The first and foremost misinterpretation would be “Akim says C sucks and is useless”. Wrong. C sucks, definitely, but let’s face it: C is mandatory in your education. The fact that C++ is studied afterward does not mean that learning C is a loss of time, it means that since C is basically a subset of C++ it makes sense to learn it first, it also means that (let it be only because it is a superset) C++ provides additional services so it is often a better choice, but even more often you don’t have the choice.
C++ is becoming a common requirement for programmers, so you also have to learn it, although it “features” many defects (but heredity was not in its favor…). It’s an industrial standard, so learn it, and learn it well: know its strengths and weaknesses.
And by the way, of course C++ sucks++.
Another common rumor in EPITA has it that “C/Unix programming does not deserve attention after the first period”. Wrong again. First of all its words are wrong: it is a legacy belief that C and Unix require each other: you can implement advanced system features using other languages than C (starting with C++, of course), and of course C can be used for other tasks than just system programming.
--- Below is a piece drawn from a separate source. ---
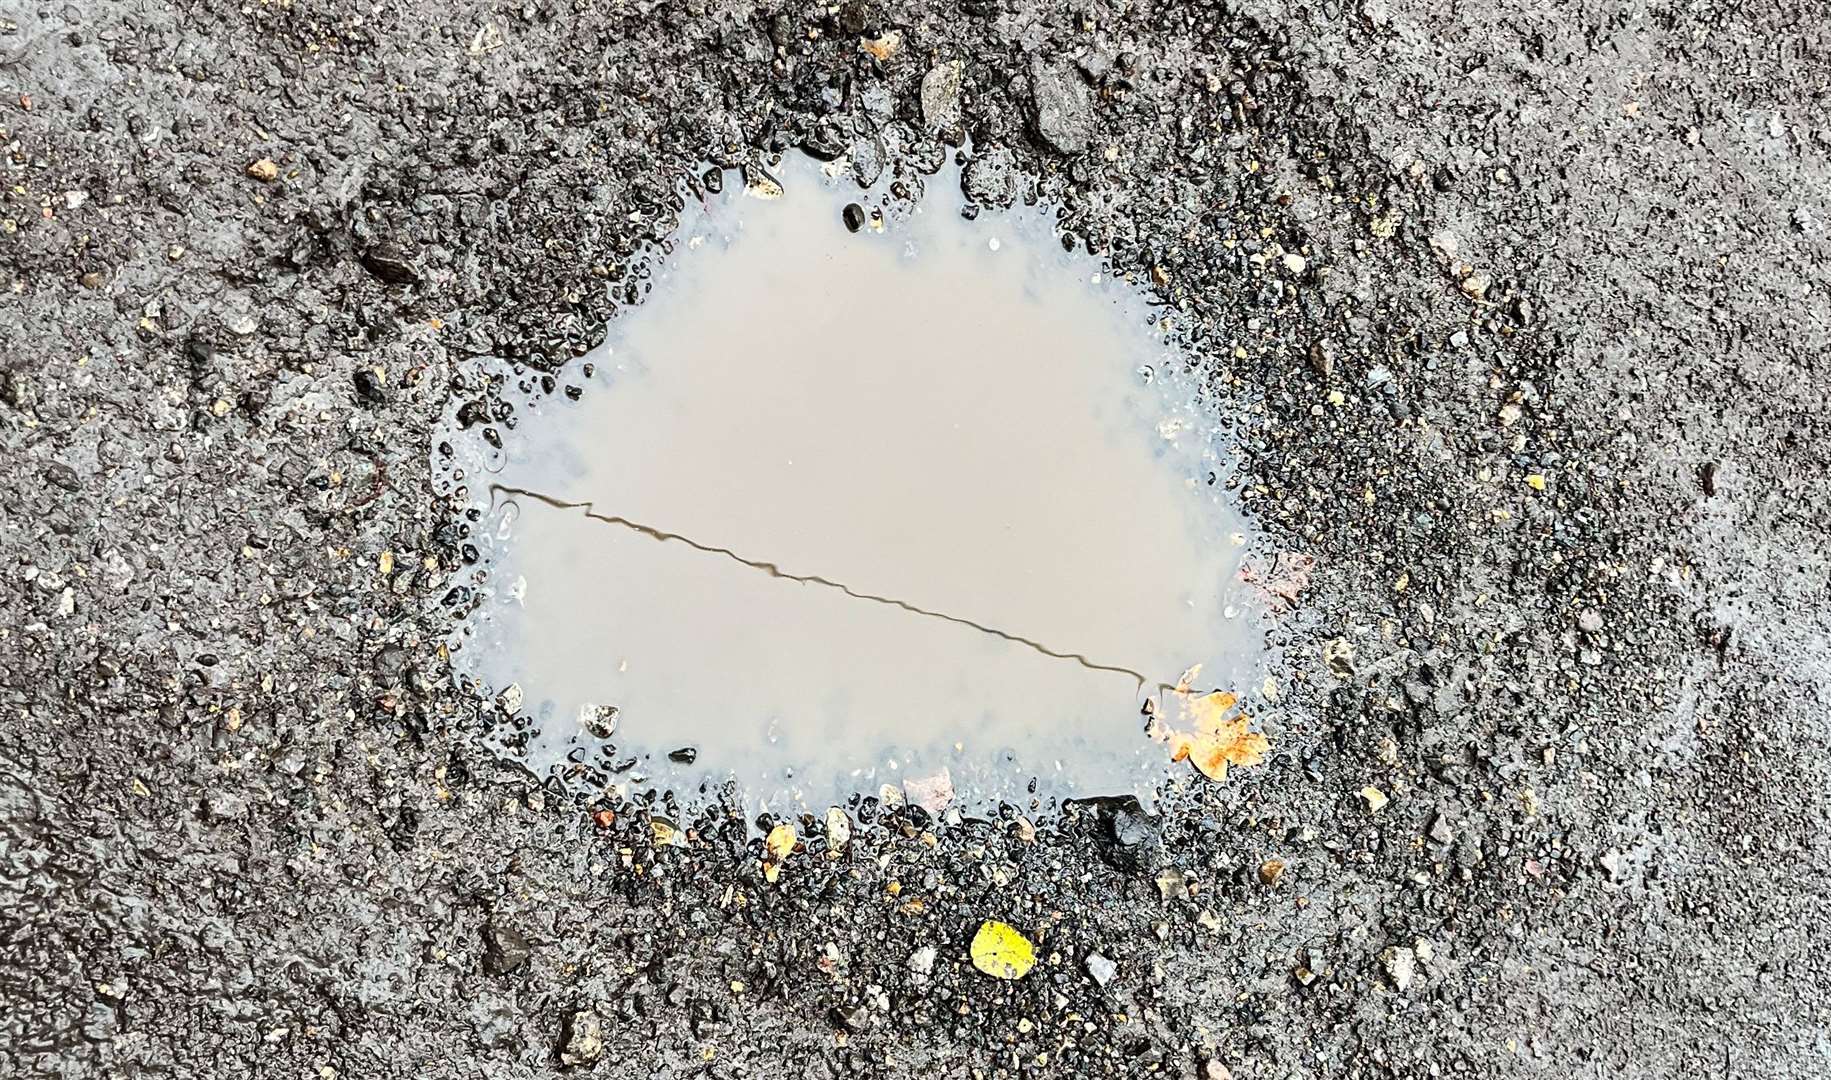 There are said to be around 100 potholes in Bockhanger Lane in Ashford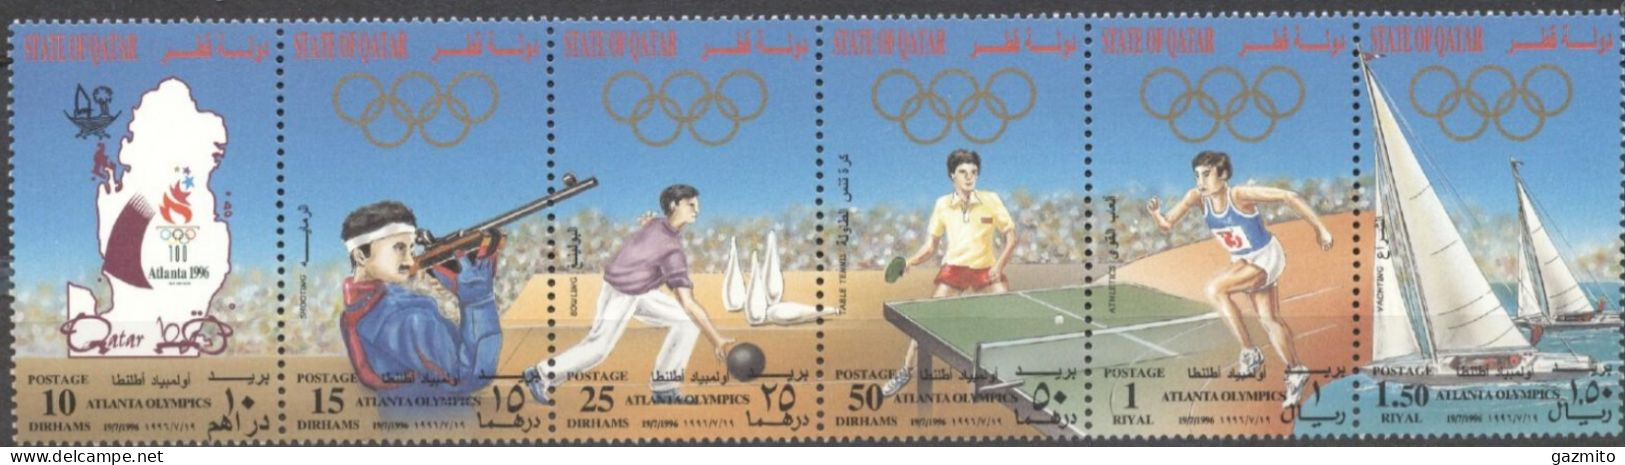 Quatar 1996, Olympic Games In Atlanta, Shooting, Bowling, Tennis Table, Athletic, Shipping, 6val - Shooting (Weapons)

For instance Bjarne Stroustrup’s list of C++ Applications includes:
OS X is written in a mix of language, but a few important parts are C++. The two most interesting are:
- IOKit device drivers. (IOKit is the only place where we use C++ in the kernel, though.)[…]
- TelORB - Distributed operating system with object oriented
Literally everything at Microsoft is built using recent flavors of Visual C++. The list would include major products like:
- Windows XP
- Windows NT (NT4 and 2000)
- Windows 9x (95, 98, Me)
- Microsoft Office (Word, Excel, Access, PowerPoint, Outlook)[…]
- Visual Studio
- The cde desktop (the standard desktop on many UNIX systems) is written in C++.
- Adobe Systems
All major applications are developed in C++:
Know C. Learn when it is adequate, and why you need it.
Know C++. Learn when it is adequate, and why you need it.
Know other languages. Learn when they are adequate, and why you need them.
And then, if you are asked to choose, make an educated choice. If there is no choice to be made, just deal with Real Life.